As news of this has trickled out to the mainstream media slowly, I'm sure some of  have perhaps heard that Nicholas Hughes died on the 16th of this month at his own hands. Nicholas was of course the second of two children born to Sylvia Plath and Ted Hughes.

He was in 46 and made his home in Fairbanks Alaska when he was a prominent fish biologist at the University of Alaska Fairbanks. Not surprisingly he inherited his fathers fondness for fishing and nature.

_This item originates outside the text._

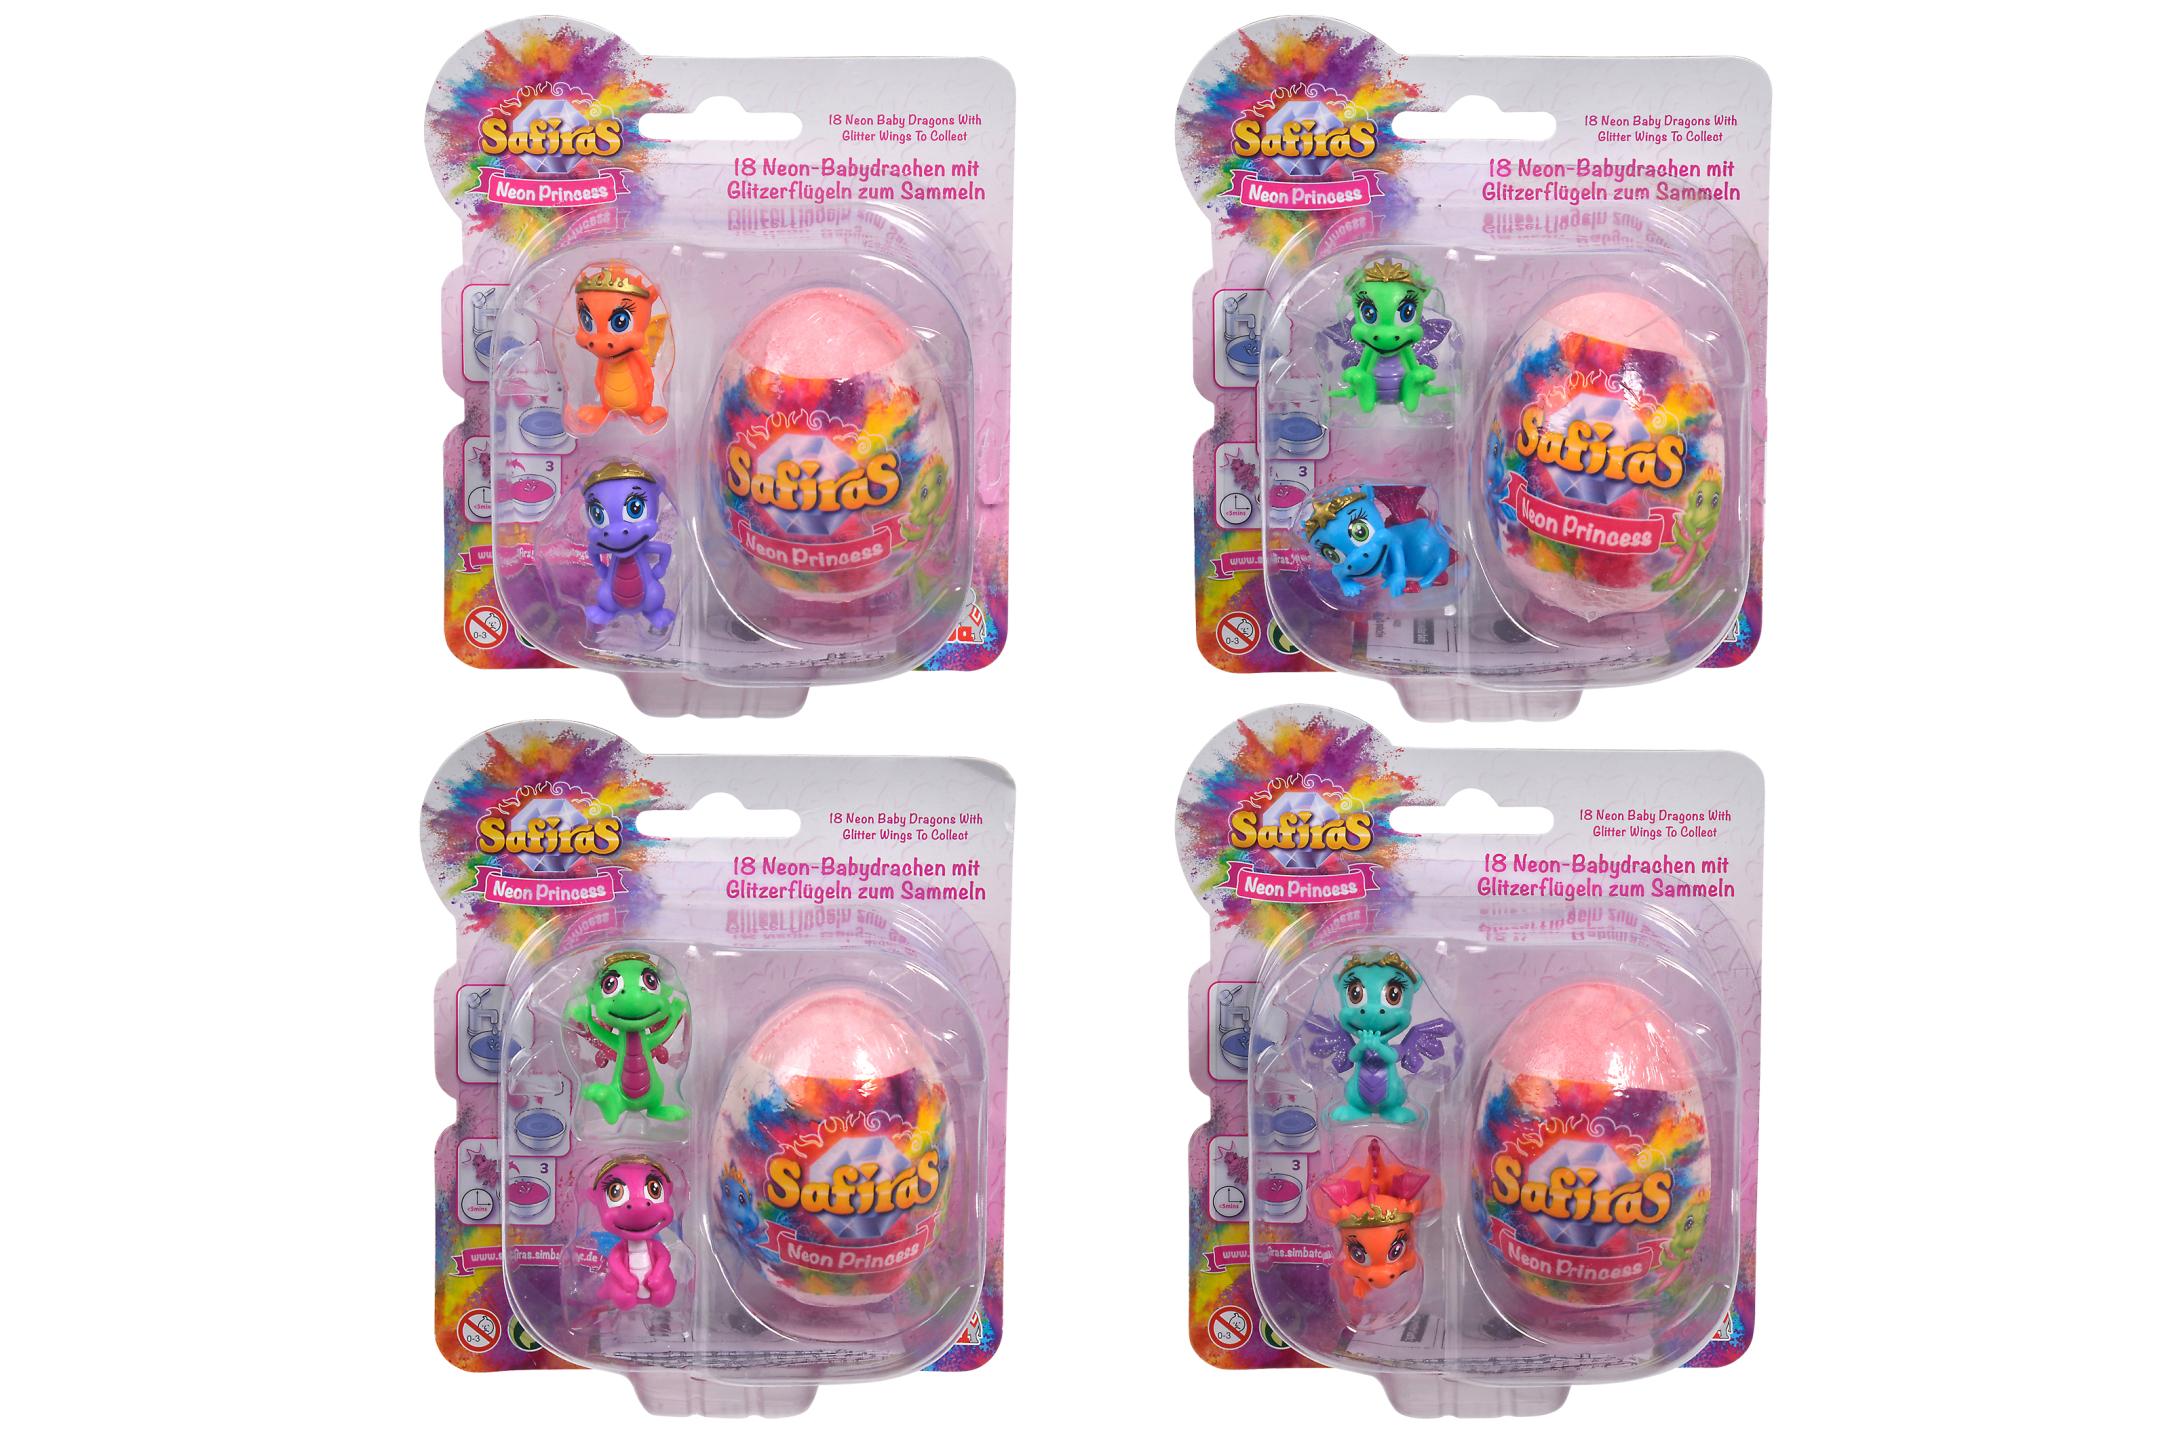 Safiras V Neon Princess 3er Pack

His passing might have only made the local papers, but the the word of his suicide made the news around the U.S. and across the Atlantic in Europe as well.  He was after all the son of Sylvia and Ted.  There is so much tragedy associated with the family already and this will only rekindle the debates about his mothers death.

Nicholas was less in the limelight than his sister Frieda who like her mother wrote poetry and and painted as a serious artist herself. In a statement by Frieda released as she departed for Fairbanks she noted that her brother had been battling depression for some time.

Already I've seen stories that have popped up talking about a "suicide gene." There is statistically a high percentage of suicides among individuals who have lost a family member to suicide, but so far not real scientific evidence that links the act directly to genetics. It is true that the conditions, both environmental and by some predisposition to depression may increase the tendency but that linkage is more indirect.